Metadata-Version: 2.1
Name: planchet
Version: 0.1.4
Summary: Large Data Processing Assistant
Home-page: UNKNOWN
Author: Sasho Savkov
License: MIT
Description: # Planchet
        _Your large data processing personal assistant_
        
        [![CircleCI](https://circleci.com/gh/savkov/planchet.svg?style=shield)](https://circleci.com/gh/savkov/planchet)
        [![Maintainability](https://api.codeclimate.com/v1/badges/4291c3334f1699a4f227/maintainability)](https://codeclimate.com/github/savkov/planchet/maintainability)
        [![Test Coverage](https://api.codeclimate.com/v1/badges/4291c3334f1699a4f227/test_coverage)](https://codeclimate.com/github/savkov/planchet/test_coverage)

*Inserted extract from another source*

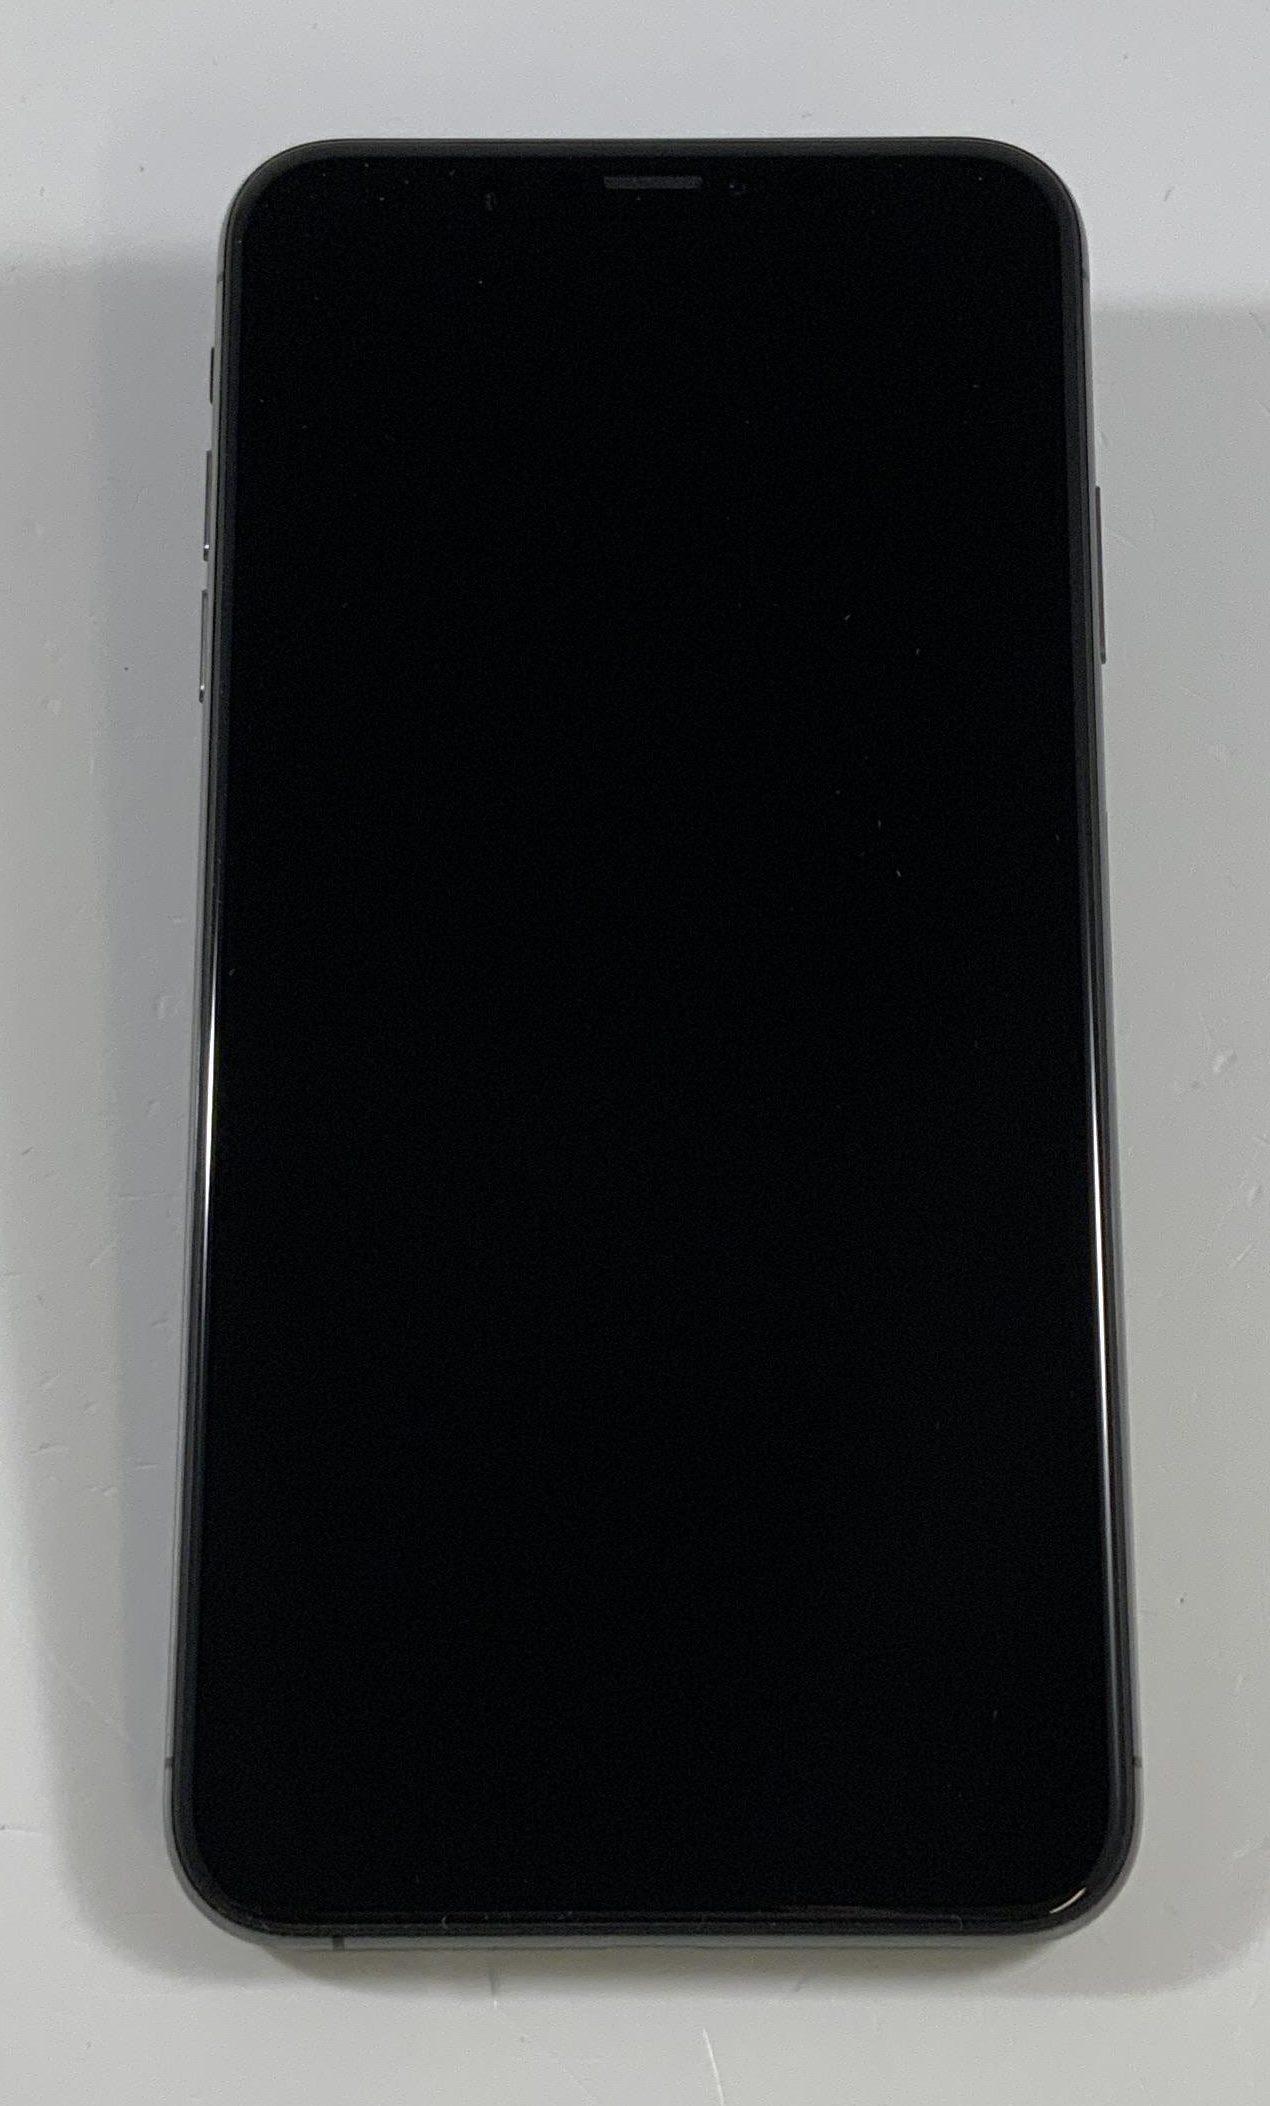 iPhone XS Max 64GB, 64GB, Space Gray, obraz 1
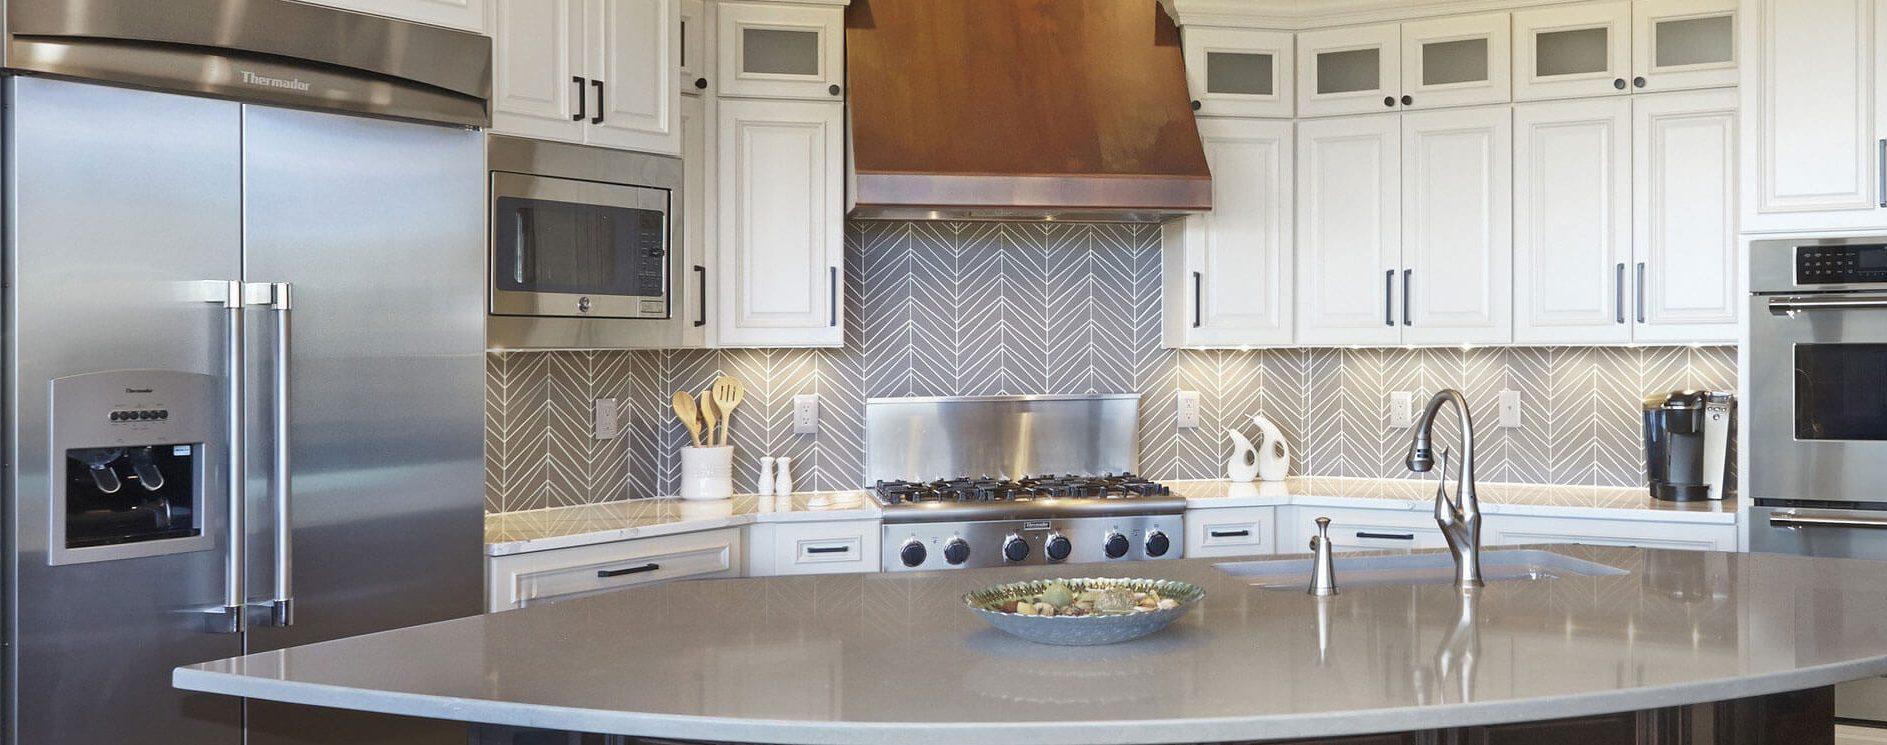 eren design remodel tucson az home remodeling contractors

        [![License: MIT](https://img.shields.io/badge/License-MIT-yellow.svg)](https://opensource.org/licenses/MIT)
        
        ## About
        
        Planchet (pronounced /plʌ̃ʃɛ/) is a data package manager suited for processing large arrays of data
        items. It supports natively reading and writing into CSV and JSONL data files
        and serving their content over a FastAPI service to clients that process the
        data. It is a tool for scientist and hackers, not production. 
        
        ## How it works
        
        Planchet solves the controlled processing of large amounts of data in a simple
        and slightly naive way by controlling the reading and writing of the data as
        opposed to the processing. When you create a job with Planchet you tell the 
        sevice where to read, where to write and what classes to use for that. Next,
        you (using the client or simple HTTP requests) ask the service for _n_ data 
        items, which your process works through locally. When your processing is done,
        it ships the items back to Planchet, who writes them to disk. All jobs and 
        serving and receiving of items is logged in a Redis instance with persistence.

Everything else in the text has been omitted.